Industry backs govt's move to have a single definition for small businesses

Industry bodies representing micro, small and medium enterprises (MSMEs) have backed the government’s decision to have a single definition for small businesses for taxation, investment and other business purposes. But they have opposed the decision to base the definition only on annual turnover. 

Work on changing to a new definition is afoot and an announcement may be made within 15 days through an amendment to the MSME Act, 2006, MSME Minister Nitin Gadkari said on Friday.

The existing definition relies on self-declared investment on plant and machinery. Since February 2018, when the Cabinet approved the proposal, the government had pushed to redefine MSMEs based on their annual revenue. However, industry bodies representing MSMEs have expressed grave apprehensions with this plan. 

“The definition needs to be revised because the current one disincentivises the registration of businesses as MSMEs. The turnover can vary significantly year-to-year and a company may need to constantly keep on applying for benefits under different statuses, leading to the loss of ease of doing business,” a senior functionary of the Laghu Udyog Bharti said. We have informed the ministry that any new definition needs to look at the functional challenges of MSME businesses, 

“On the other hand, the Federation of Indian Micro and Small & Medium Enterprises has told us that importers and multinationals engaged in trading activities could pass themselves as MSMEs and take away their benefits,” a ministry official said.

Slow progress

The government would need to bring the changes through amendments to the Micro, Small and Medium Enterprises Development Act, 2006, attempts at changing, which had been met with severe opposition in 2018. 

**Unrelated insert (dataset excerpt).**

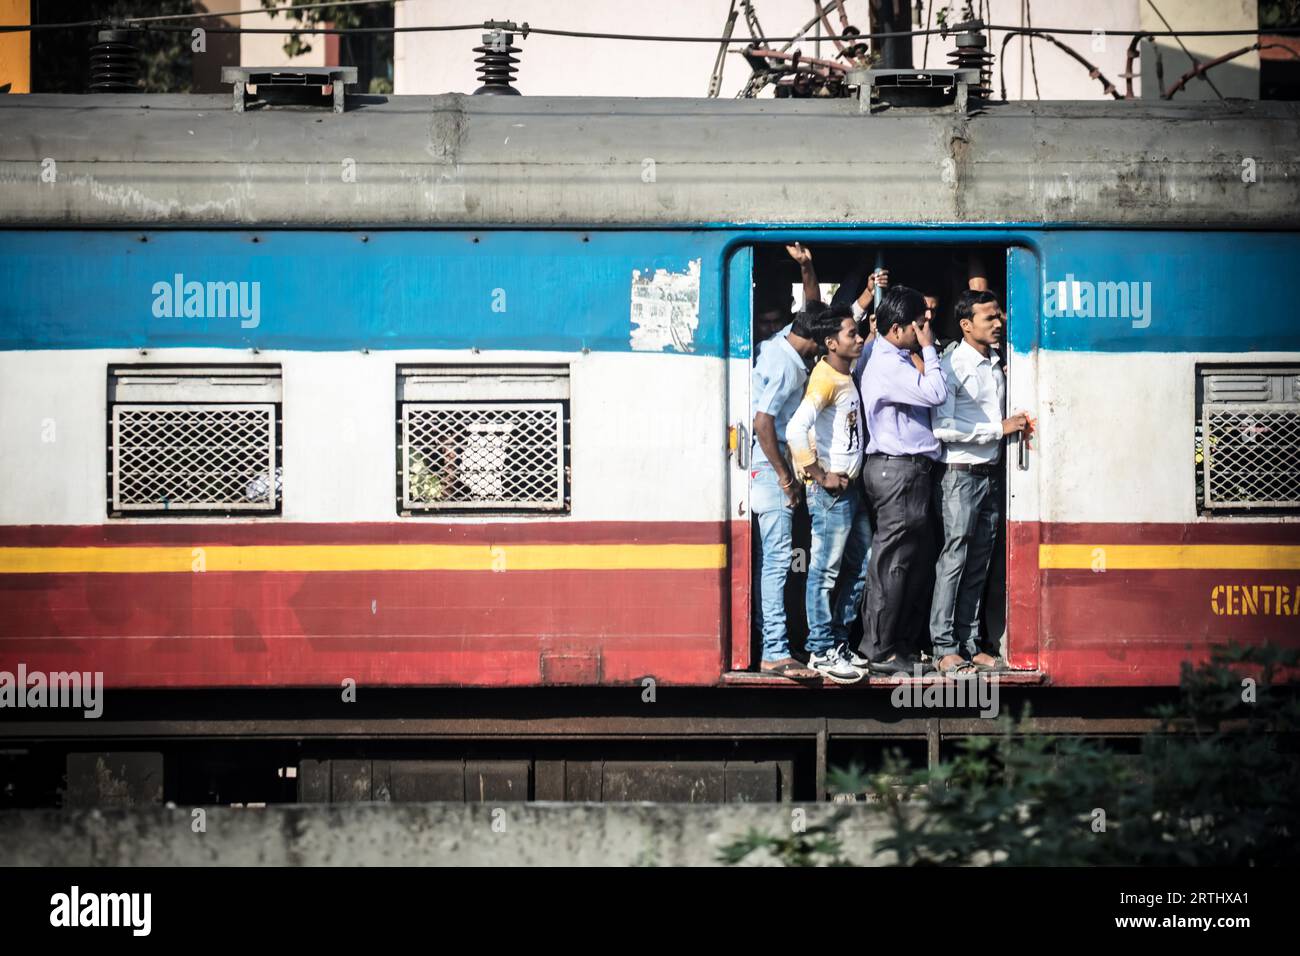 MUMBAI, INDIA, November 10 2017: Commuters on a crowded train hang at the door of an old train in Mumbai, India Stock Photo

The government had introduced the Micro, Small and Medium Enterprises Development (Amendment) Bill, 2018 in Parliament during July’s monsoon session. While the Opposition had slammed the move, it had also been countered by a key industry ally of the government, the Swadeshi Jagran Manch (SJM), an affiliate of the Rashtriya Swayamsevak Sangh. Back then, Ashwini Mahajan, co-convener of the SJM, had argued that turnover was not the sole criteria for classifying MSMEs anywhere in the world.


As a result, it was referred to the department-related parliamentary standing committee on commerce and industry in October. Finally, in December 2018, the committee also suggested that MSMEs be classified according to their annual turnover. The panel had said the move would allow for more streamlined policies in the sector, as more small businesses would come under the ambit of the MSME ministry.

In the run-up to the last Lok Sabha elections, the BJP had stressed it was “keen on implementing the change after coming to power”.

Official argument

The statement of the amendment Bill moved by the government last year said the criterion of investment entails physical verification, bringing with it transaction costs. It also incentivises promoters to keep the investment size small to retain the MSME tag. “Overall, the turnover-based classification will promote the ease of doing business and will put in place a non-discretionary, transparent and objective classification system,” the statement read.


This argument has continued to find favour with the ministry, which has continued to stress that the government’s definition would align MSMEs better with the GST regime, besides encouraging ease of doing business and making norms of classification growth-oriented. On Friday, Gadkari said the government was aiming to bring more small business into the official GST framework. Of the 60 million businesses registered on the GST platform, an estimated 12.5 million are MSMEs, a senior MSME ministry official said. 

According to official estimates, there are more than 63 million MSMEs, which account for 45 per cent of industrial production, 30.5 per cent of services sector and employ close to 110 million people.